The Body in Art, Design and Society

This is my new constellation class for term 2. Throughout this constellation class, I will aim to gain knowledge of historical ideas, accounts and apply theories to my subject and practice.

Thinking About the Past

The Body is an object. We tend to take the body for granted as it is commonly represented, we ignore details as we see our body and other bodies everyday.

Plastic Surgery– First ever case recorded on 600 BC, Hindu nose reconstruction.

Prosthesis: Ancient mummification to enhance bodily apperance. Attempts to mak the body ‘whole’ in new life after death. Eg; Egyptians made a toe for mummy who did not have one. screen-shot-2017-02-23-at-12-22-46

War: Lots of discoveries and inventions, medical advancement of science, eg; penicilin. Masks made to fit over face for casualties. Allowed people to go out and find after war was over. People were also living longer- triumph of medicine?

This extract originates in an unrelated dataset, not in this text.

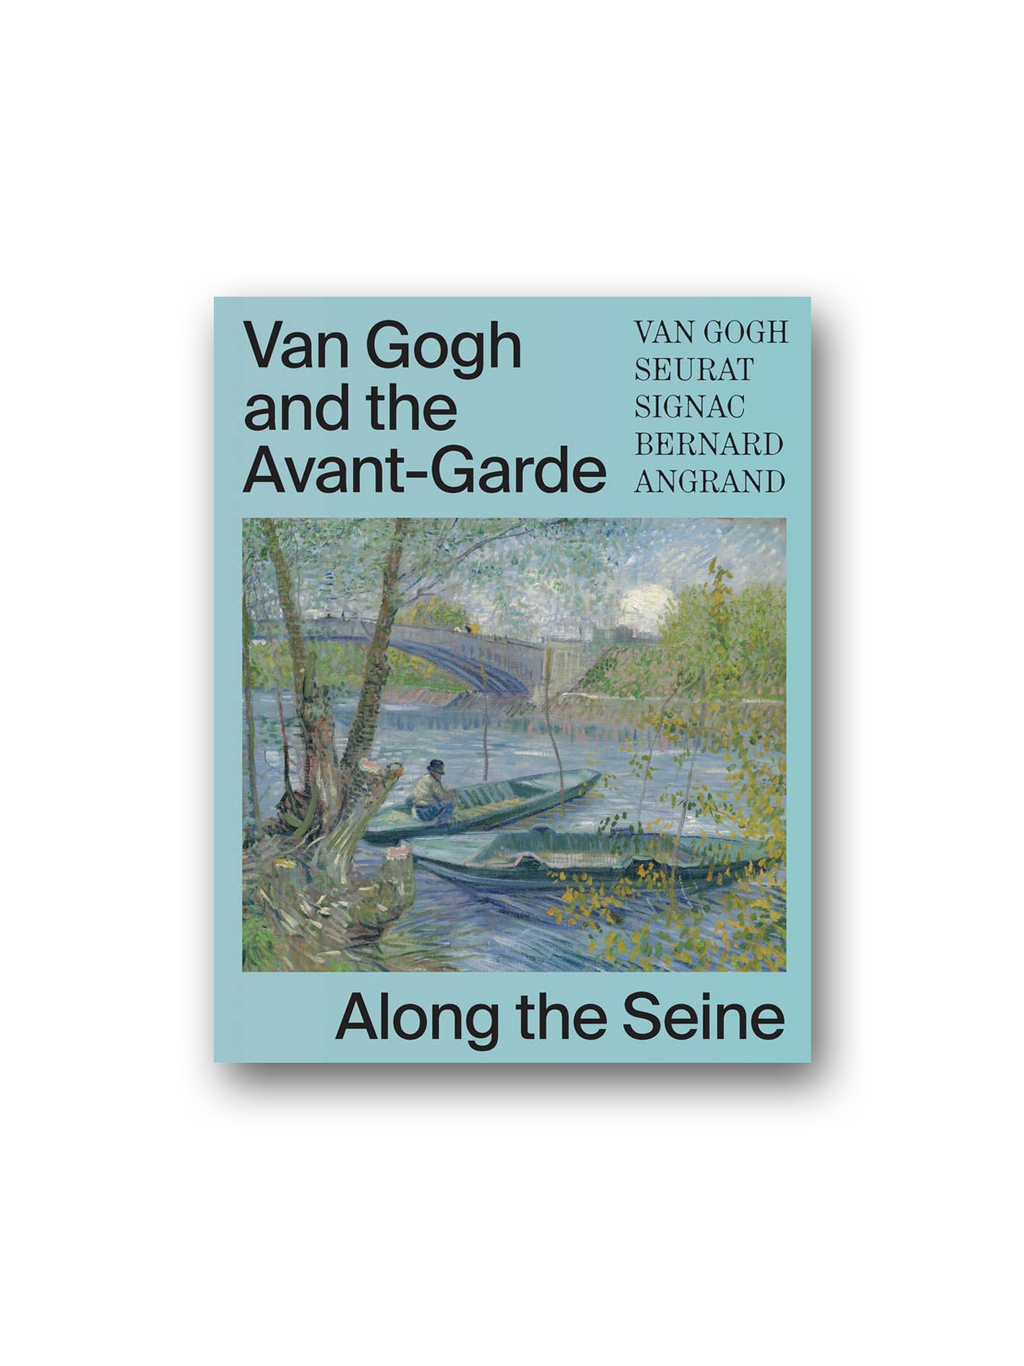 Van Gogh and the Avant-Garde: Along the Seine

Man wearing prosthetic mask after war

Today: Many more people are having plastic surgery and changing their bodies. More accesable today to have change body. Many celebrities having botox, lip fillers and breast enlargements. Katie Price is shown below, well known for many ‘boob jobs’ over the years.

Katie Price, “Jordan”

It is even more common for men to have surgery to change their appearance. For example, Jordan James has spent over £130,000  trying to look like Kim Kardashian.


Religion V Medicine

We also looked at religion versus medicine, 5th to the 15th century (West). Medicine was complex and generally unscientific, based on ‘reason’ and religion. Illnesses were ‘God given’ and bodies were not allowed to be cut open. To be diagnosed, the ‘doctor’ would look into a diognostic handbook based on the solar system. By 1500s, by law physicians had to look to their solar book to treat an ill person.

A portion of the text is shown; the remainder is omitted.